# My garden buddy



## Errol

I just wanted to show my life time garden buddy, friend, and wife of soon to be 52 years! She has been a very big help both in support and as you can see, manual labor! 
She is helping out with all the wood chips
May you all be as blessed as I have
Errol


----------



## angel1237b

you have a beautiful garden buddy...blessings to both of you.


----------



## Errol

thank you Angel, and hope you have a great and successful gardening year


----------



## HOOKER

a 52yr garden'n buddy,,, WOW,, ya'll do'n great!!!!


----------



## Errol

thanks Hooker, got her young and trained her right! lol, or might be the other way around!


----------



## HOOKER

Ooooooooo I aint gonna touch that one,,,,

mine's gonna werk me ta death,,, so her & her new hubby can enjoy my garden...
UNTIL then I'm gonna enjoy every minute of her help!!!!!

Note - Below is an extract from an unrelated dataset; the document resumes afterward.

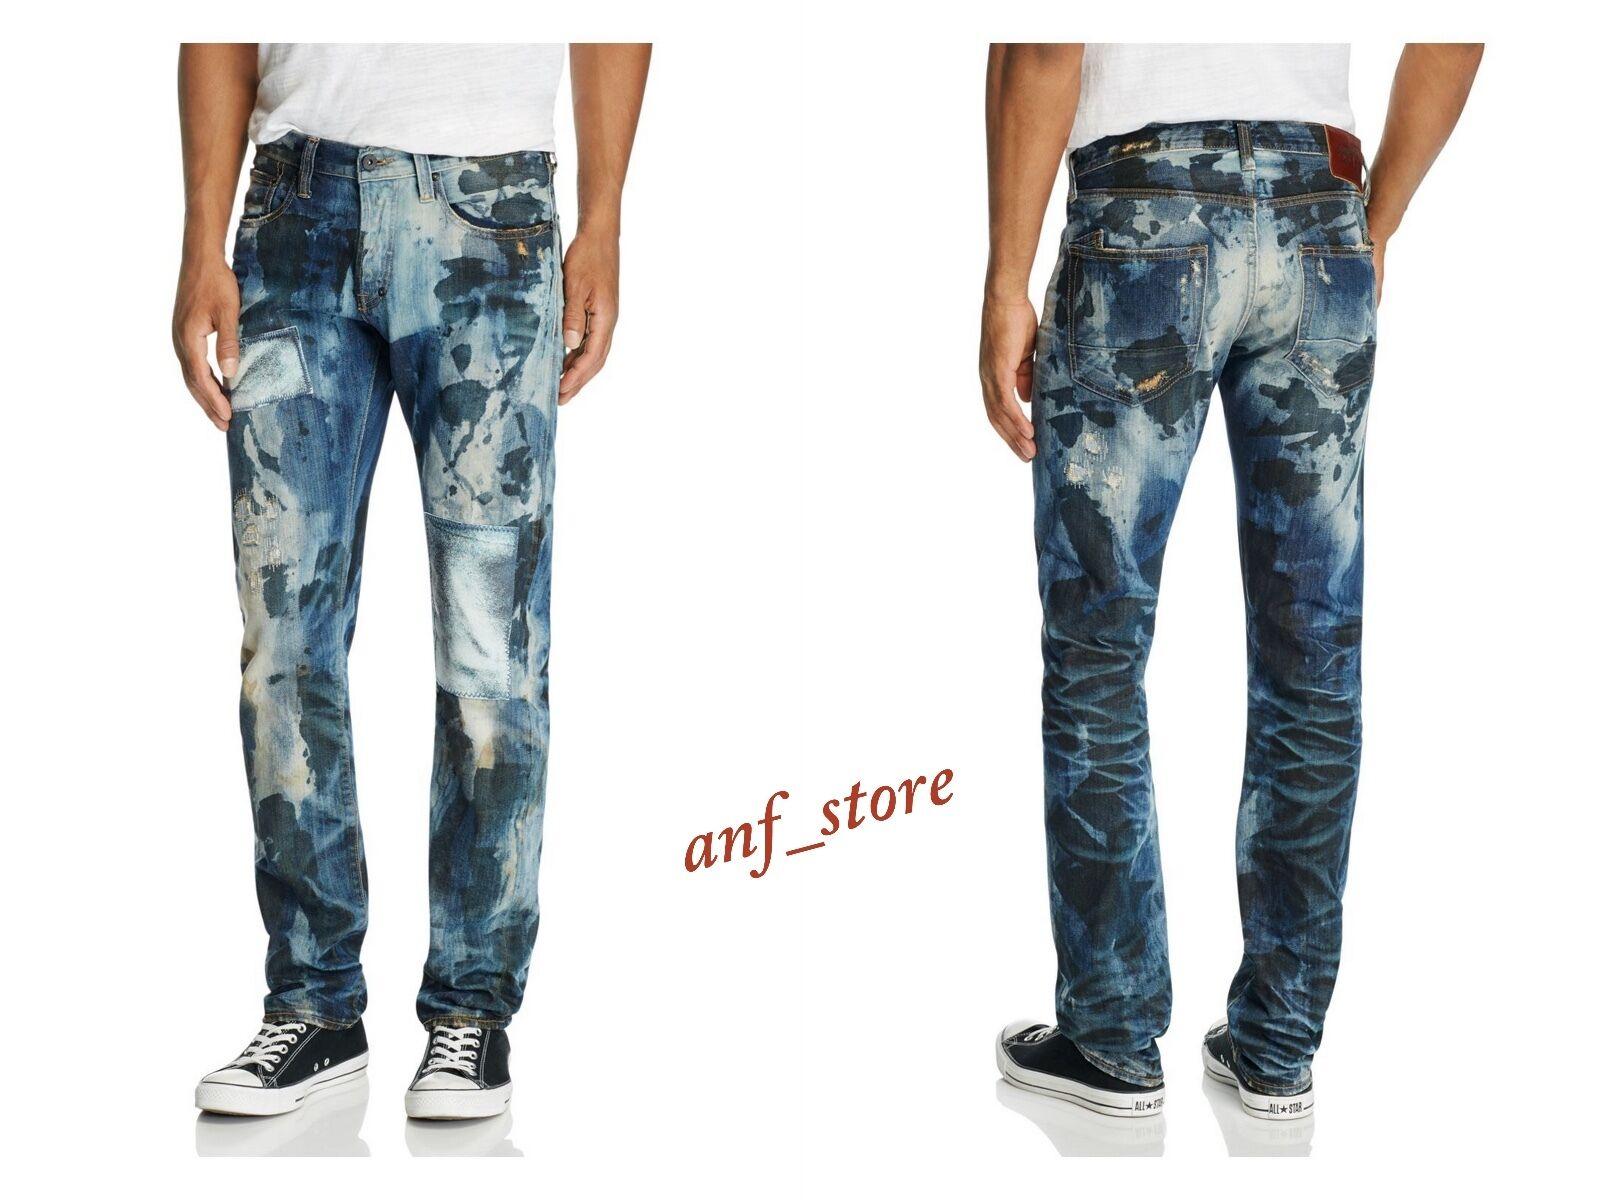 NWT PRPS Goods JAPAN Barracuda Straight Men Jeans 34 x 32 Patchwork Pixel

hope he knows how ta raise werms cuz she doesnt & loves ta FISH & she CLAIMS ta out catch me EVERYTIME WE GO.....
(only cuz I bait her hook & take off her fish).................................


----------



## Errol

aaaaaaaahhhaaaaaaaaaaaaaaaaahhhhaaaaaa!! Hooker but we do have fun! lol


----------



## HOOKER

heck yeah we Have Fun.....

woodnt change a thing!!!!!!


----------